25

100 20 45
                                    

Yeorin.

Sunghoon muncul untuk membawaku kembali ke Seoul sebelum Jimin dan Yungi kembali.

"Kau datang sedikit lebih awal," kataku sambil memeriksa ponselku.

"Ya," kata Sunghoon. "Ada anak kecil yang sakit di rumah, jadi istriku..."

"Aku mengerti." Aku mengangguk.

Tidak butuh waktu lama untuk mengemasi barang-barangku. Tidak banyak yang bisa dilakukan.
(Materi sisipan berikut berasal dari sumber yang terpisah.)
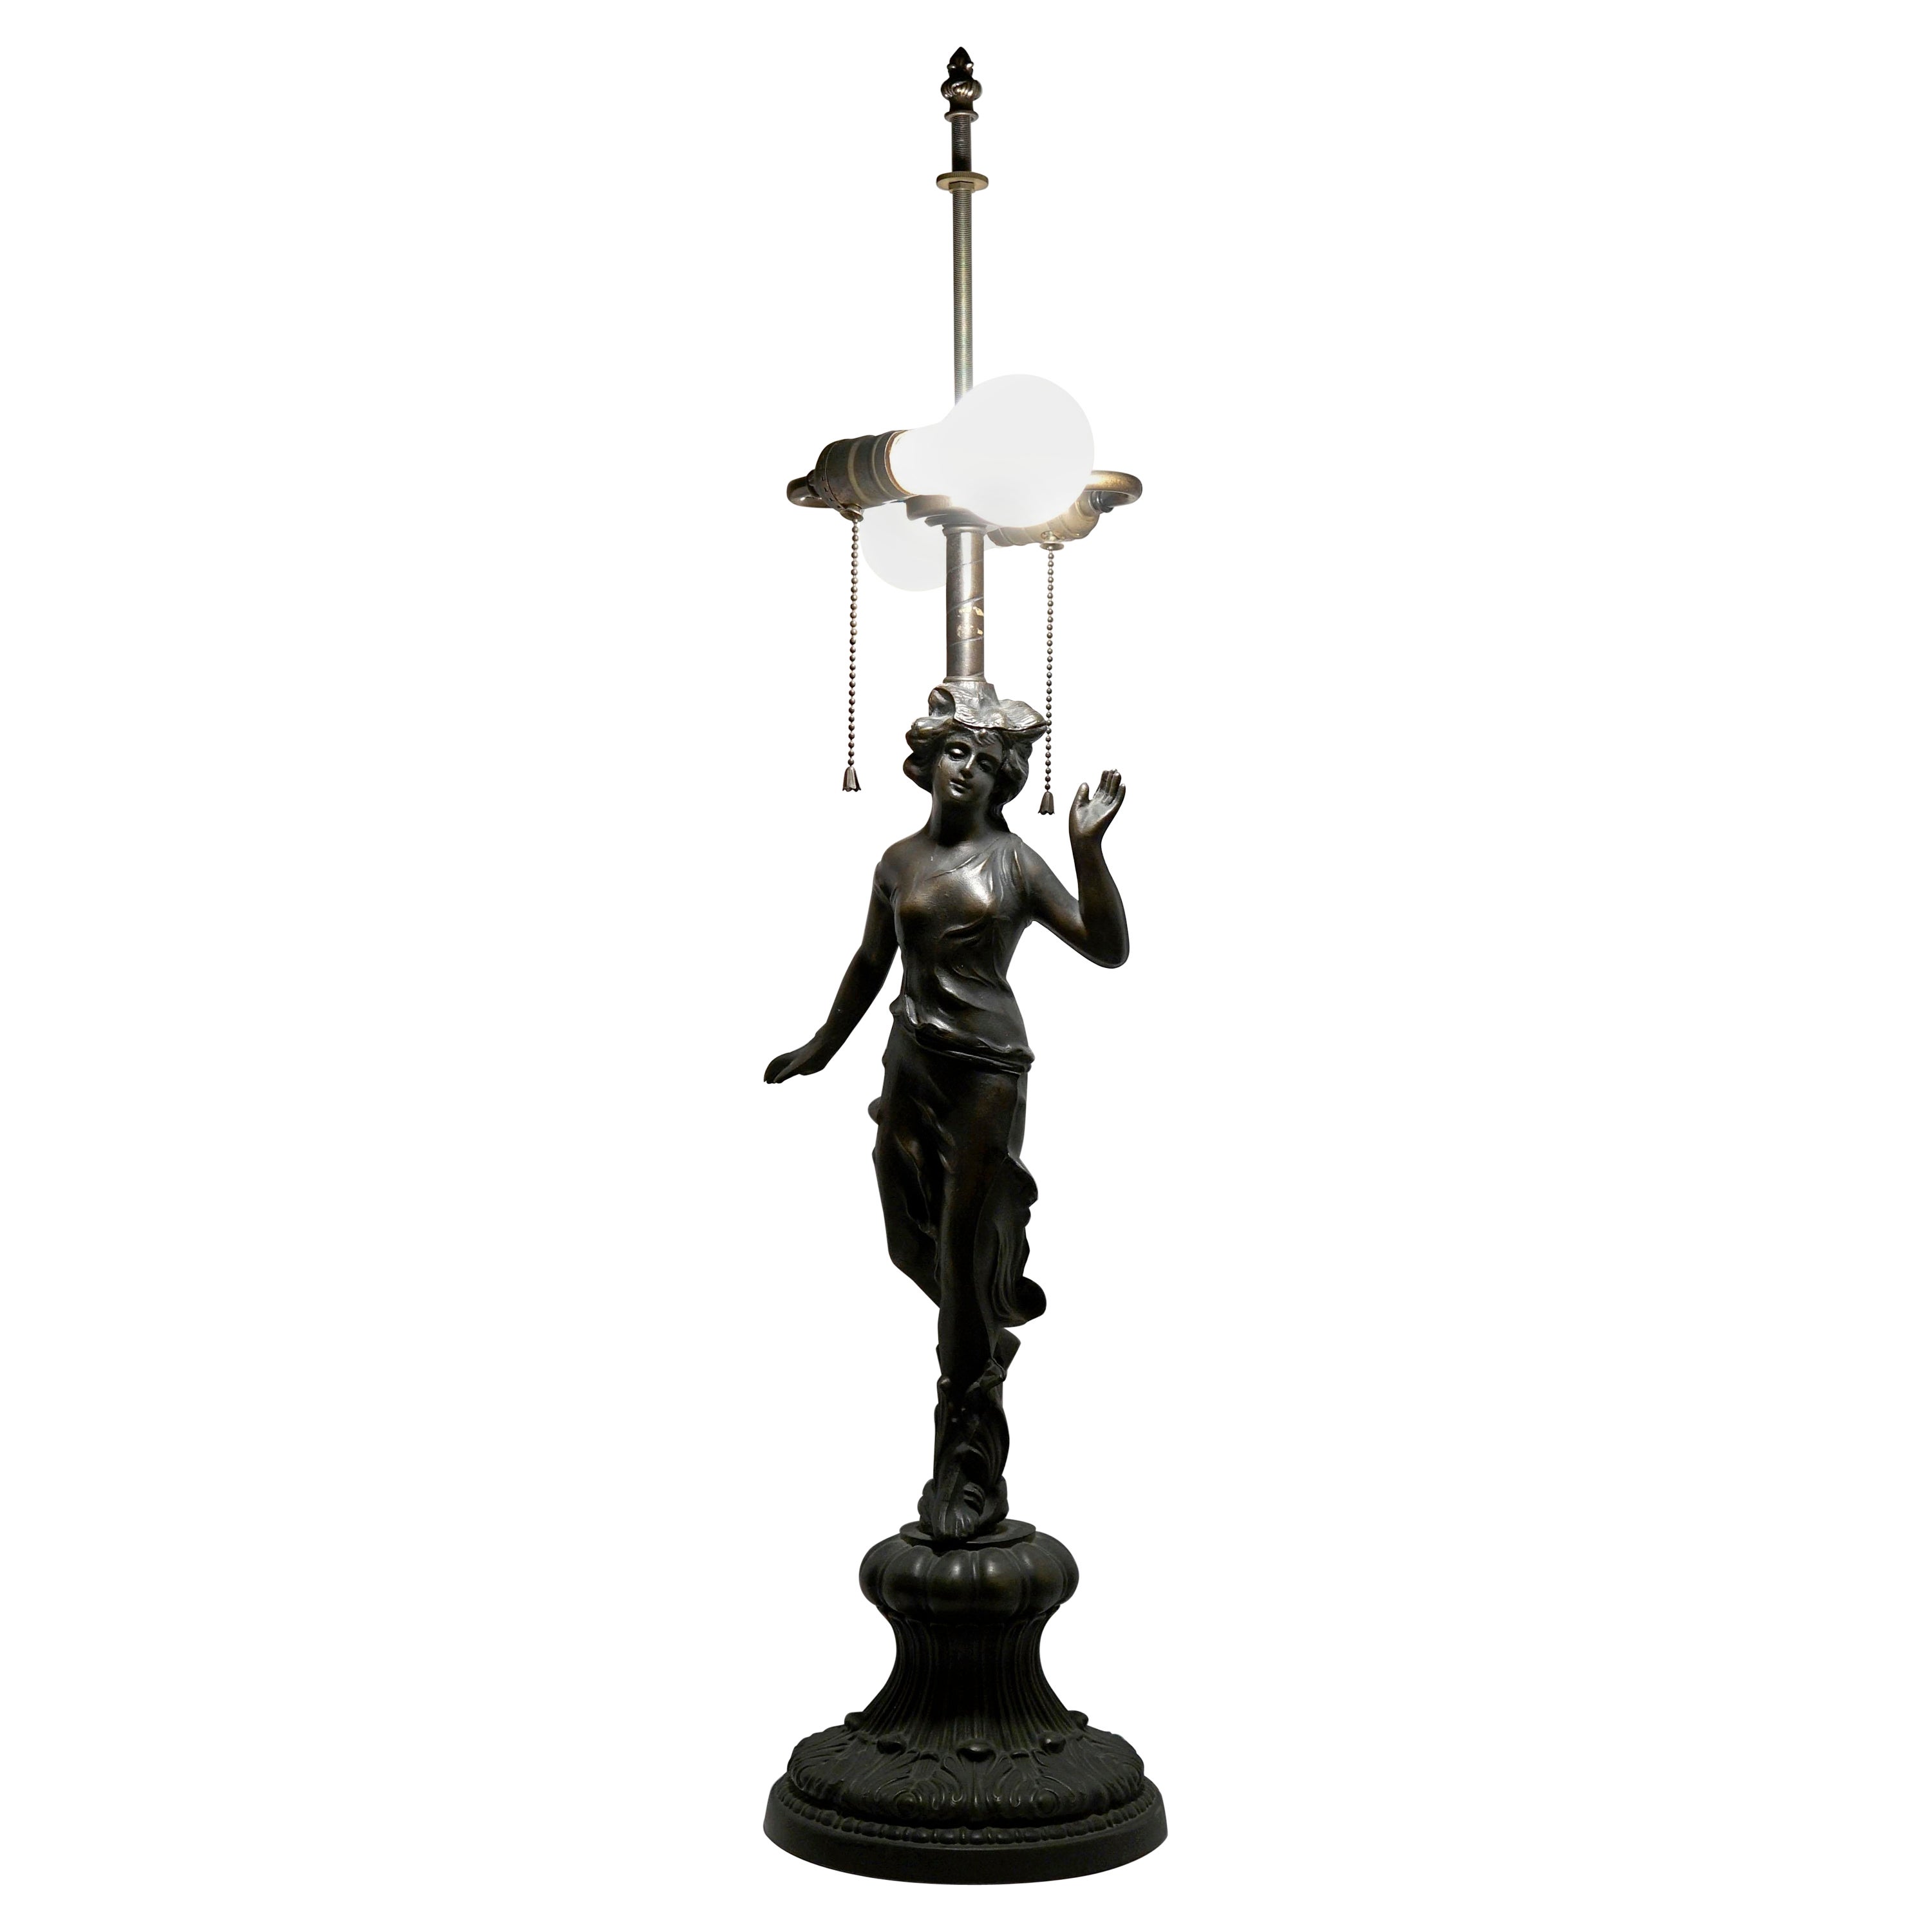 1920s Art Nouveau Bronze Verdigris Figural Table Lamp with Dual Socket

Aku bahkan memasang kembali tutup pasta gigi Jimin untuknya.

Sejenak aku berpikir untuk meninggalkan pesan atau mengambil gambar. Bagaimana lagi aku bisa mengingat pemandangan tempat tidur Jimin yang belum dirapikan, atau tumpukan pakaiannya yang berserakan seperti permadani kulit beruang?

Tapi aku kembali pada profesionalisme. Ada protokol tanpa jejak untuk hal-hal ini. Aku tidak pernah ada di sana.
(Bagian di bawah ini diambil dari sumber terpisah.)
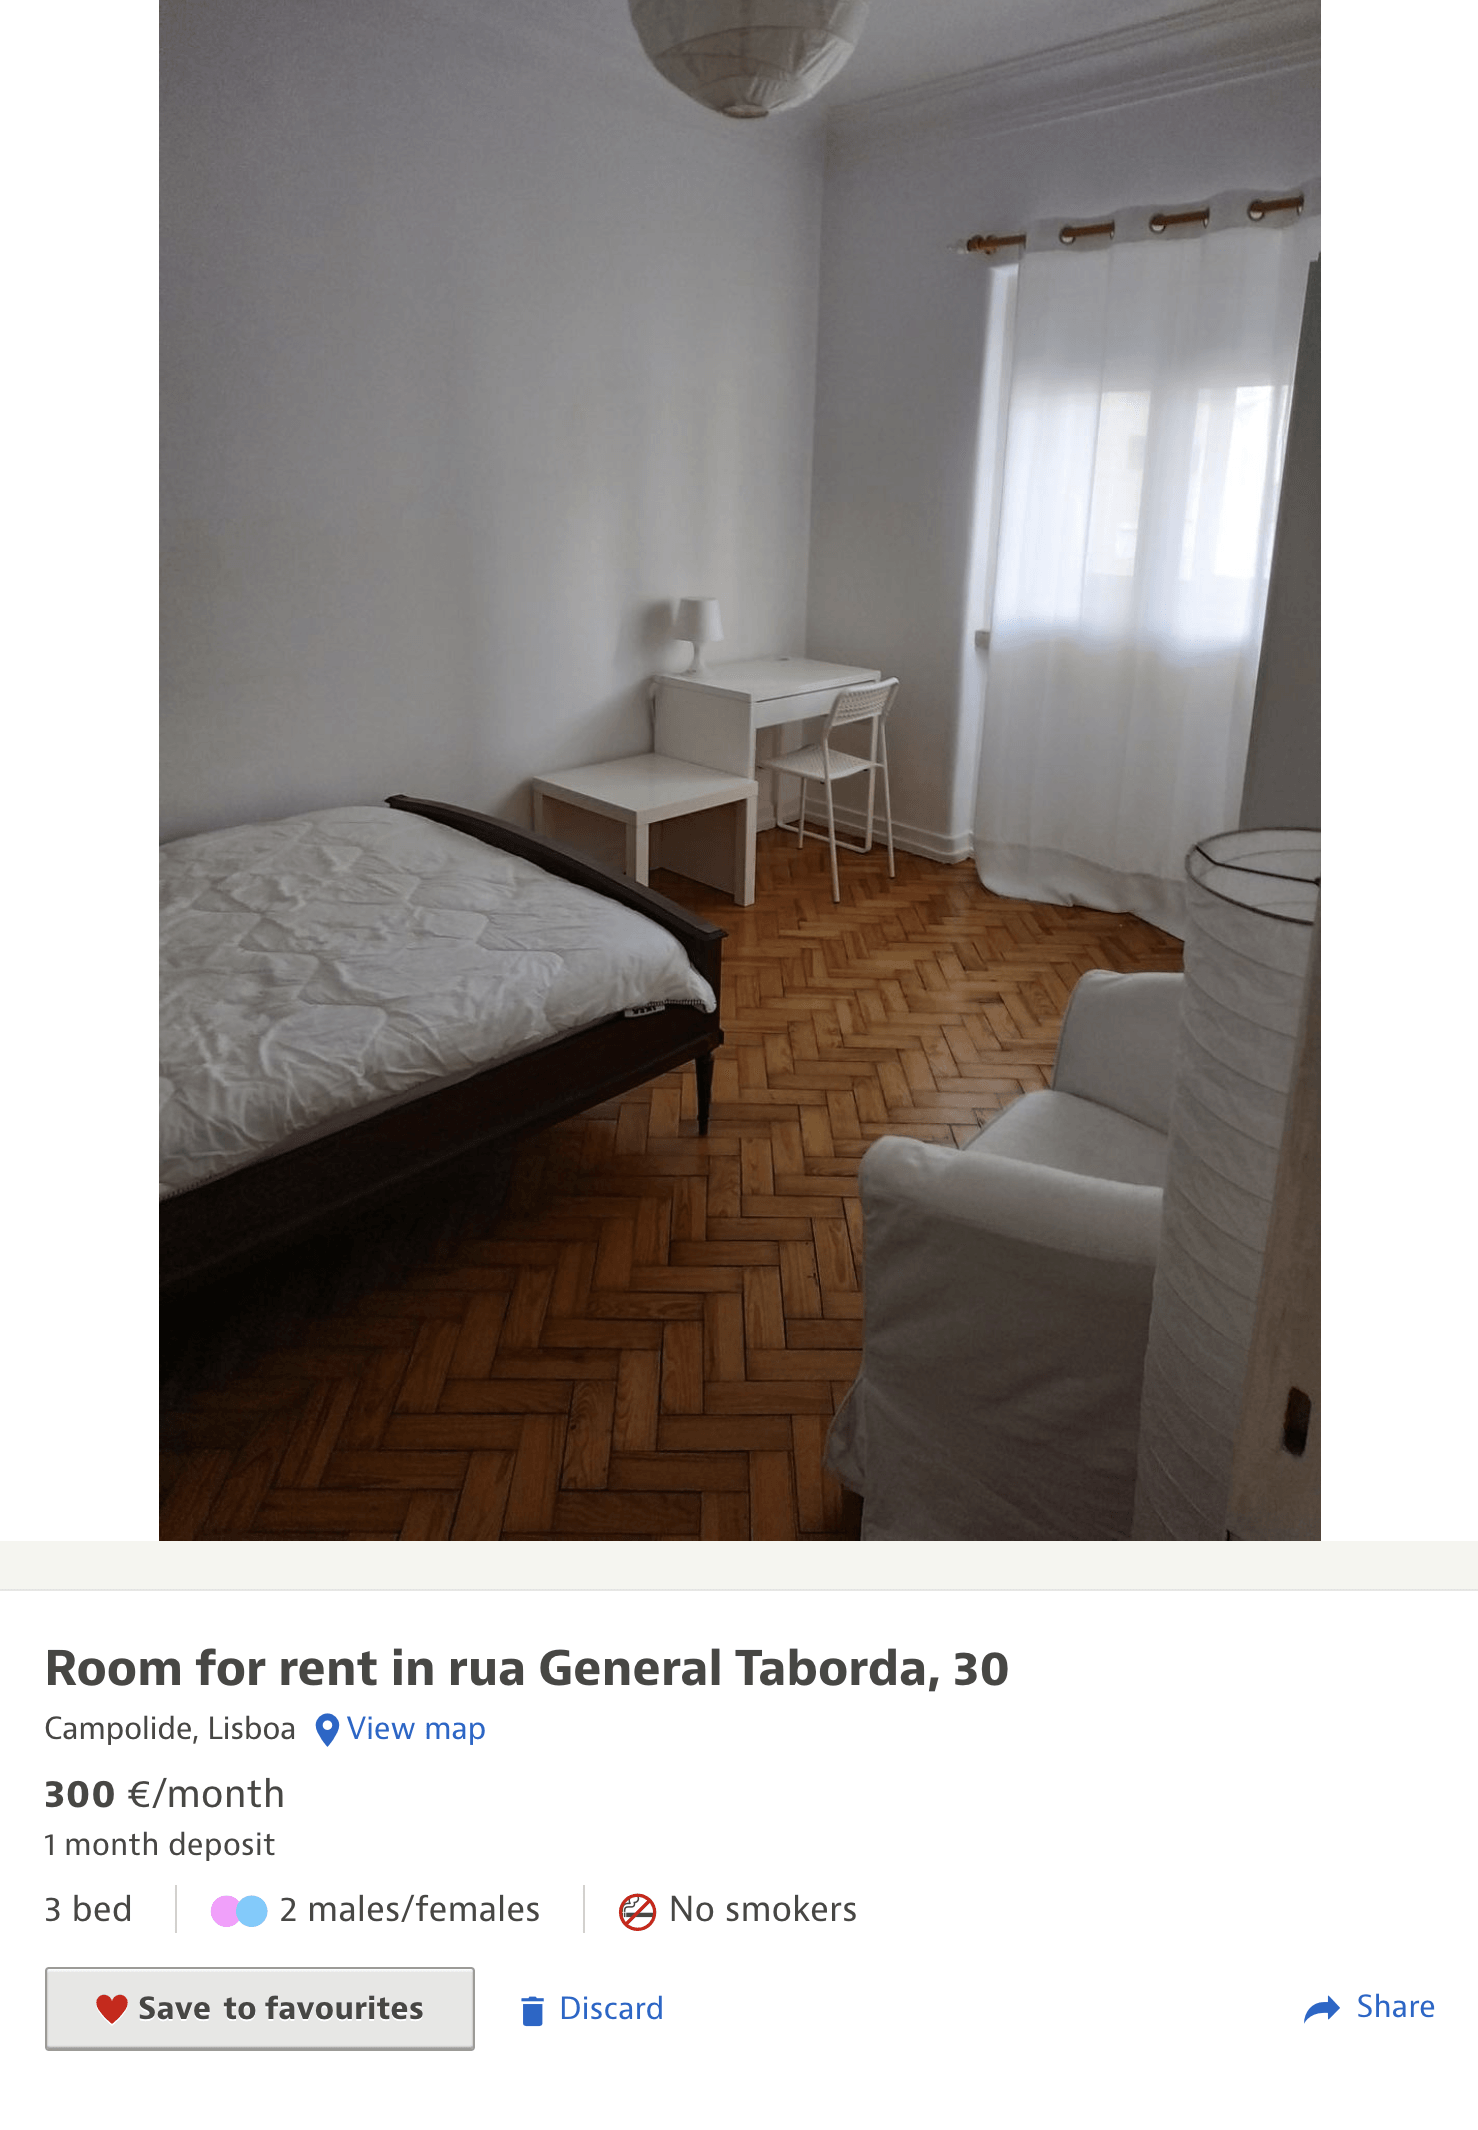 Простую комнату можно найти и за 300 € (21 545 ₽)

Sunghoon memasukkan koperku ke dalam mobil perusahaan dan tanpa menghentikan langkahnya, dia membukakan pintu penumpang untukku lalu berjalan menuju kursi pengemudi.

Dia siap untuk pergi.

Aku berjalan ke pintu, tapi aku ragu-ragu.

Aku mencari tanda-tanda keberadaan kedua kakak beradik itu, tapi tidak ada apa-apa hanya pepohonan yang bergemerisik, bintang-bintang yang samar, segerombolan sapi di dekat pagar mengawasi kami dengan mata sedih.
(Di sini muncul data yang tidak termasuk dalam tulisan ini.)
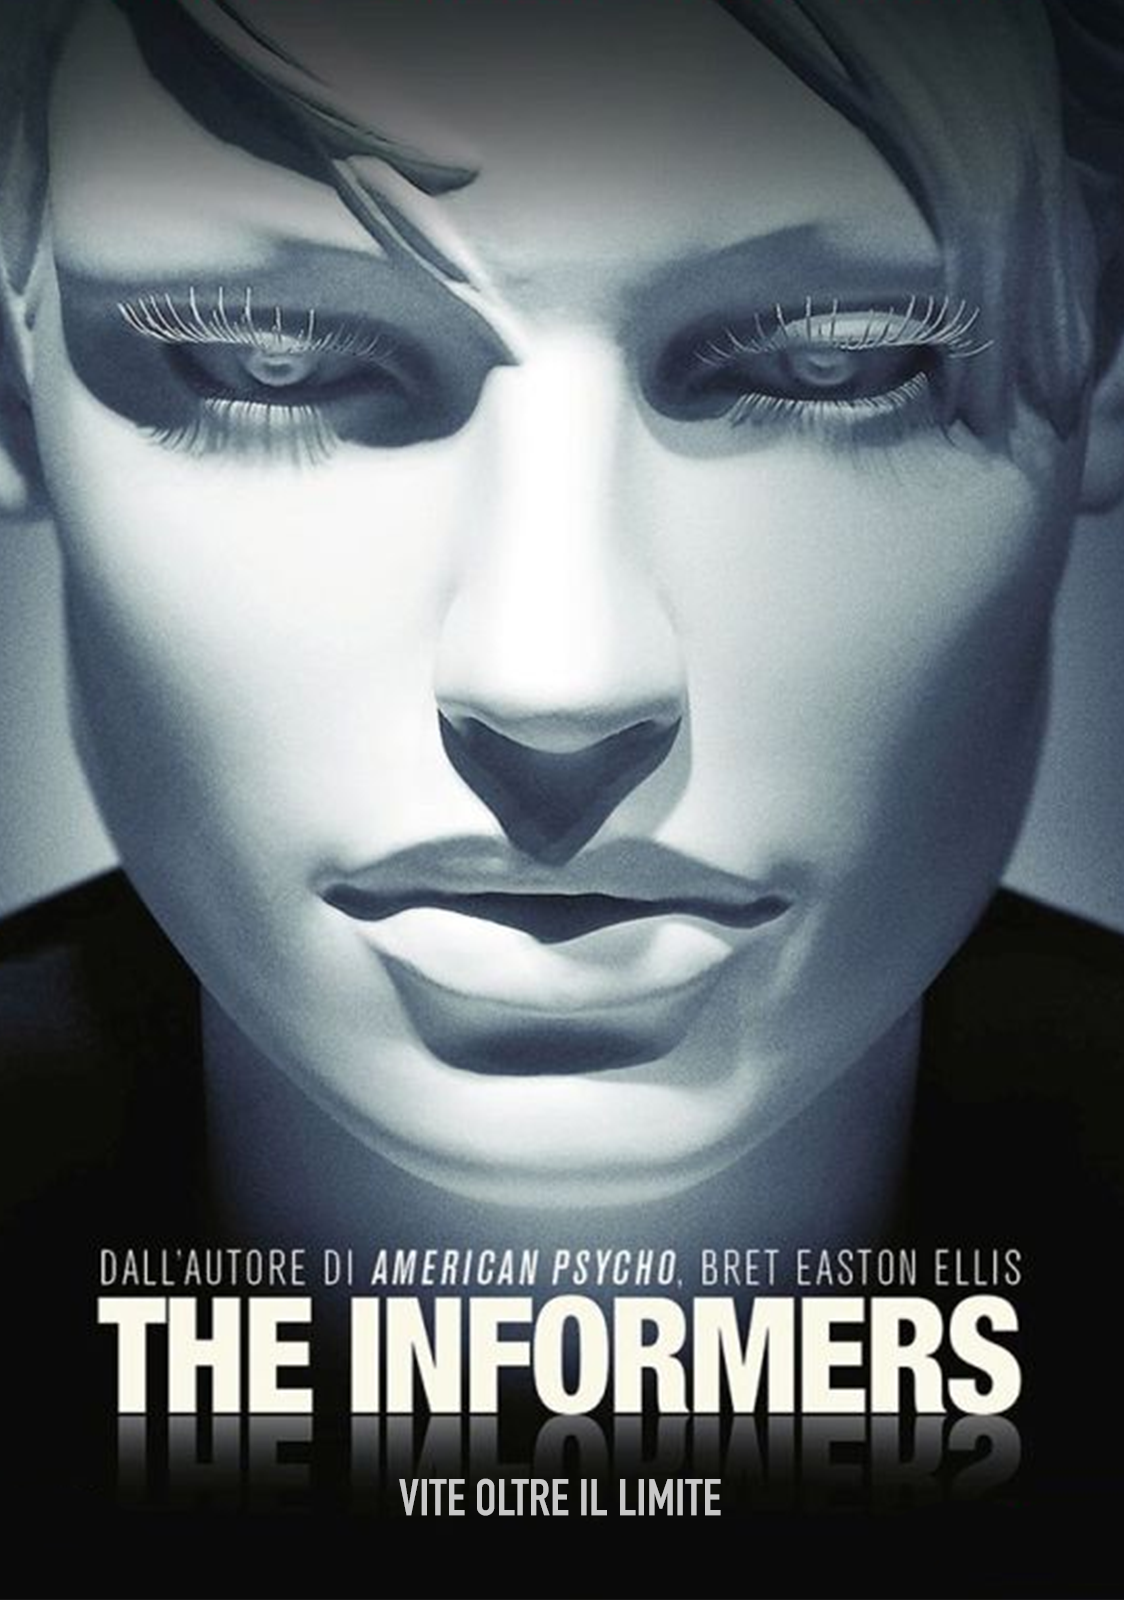 The Informers – Vite oltre il limite [HD] (2009)

"Maaf-" kataku. "Bolehkah aku punya waktu sebentar?"

Sunghoon melihat arlojinya, tapi dia berkata, "Oke."

Ada lampu di gudang. Mungkin mereka ada di sana?

Tapi gudang itu kosong.

Aku berjalan perlahan, mengamati ladang. Aku bisa melihat Pawan di paddock. Aku memberinya ciuman.

Gagasan untuk tidak mengucapkan selamat tinggal kepada Jimin membuat ku merasa gugup meskipun aku tidak pernah mengucapkan selamat tinggal kepada klien.

Akankah mengucapkan selamat tinggal itu penting?

Itu tidak akan mengubah apapun. Tapi aku merasa punya ratusan pesan penting untuk Jimin dan yang kuinginkan hanyalah menyampaikan semuanya. Apapun itu.

Kembali ke mobil, aku berdiri di dekat pintu yang terbuka selama satu menit, mengamati halaman dan menunggu.

Dan kemudian tiba waktunya untuk berhenti mengulur waktu.

Aku naik ke dalam, menutup pintu, dan memasang sabuk pengaman.

"Oke," kataku. "Ayo pergi."

.
.
.

Sunghoon berhenti di jalan berkerikil dan mengarahkan kami keluar dari halaman, melewati penjaga ternak, dan menyusuri jalan panjang tempat Jimin berpura-pura memelukku berkali-kali.

Tidak apa-apa. Lebih baik begini. Mungkin.

Aku menarik napas dan mendekapnya erat-erat di dadaku. Aku tidak akan menangis. Bukan di depan rekan kerja ku. Terlebih lagi tidak di depan klien. Setidaknya ada sesuatu yang perlu diperhatikan: menyatukannya. Aku bisa melakukan ini.

Namun kemudian Sunghoon mengerem. Dia melambat, lalu berhenti, di tengah jalan.

Dia sedang memeriksa kaca spion. "Apakah itu klien?"

Aku memutar badanku untuk melihat ke belakang.

Ya. Itu adalah Jimin. Berlari mengejar kami di jalan berkerikil.

"Beri aku waktu sebentar," kataku sambil keluar.

Jimin menemuiku, berhenti sekitar dua kaki jauhnya, kehabisan napas.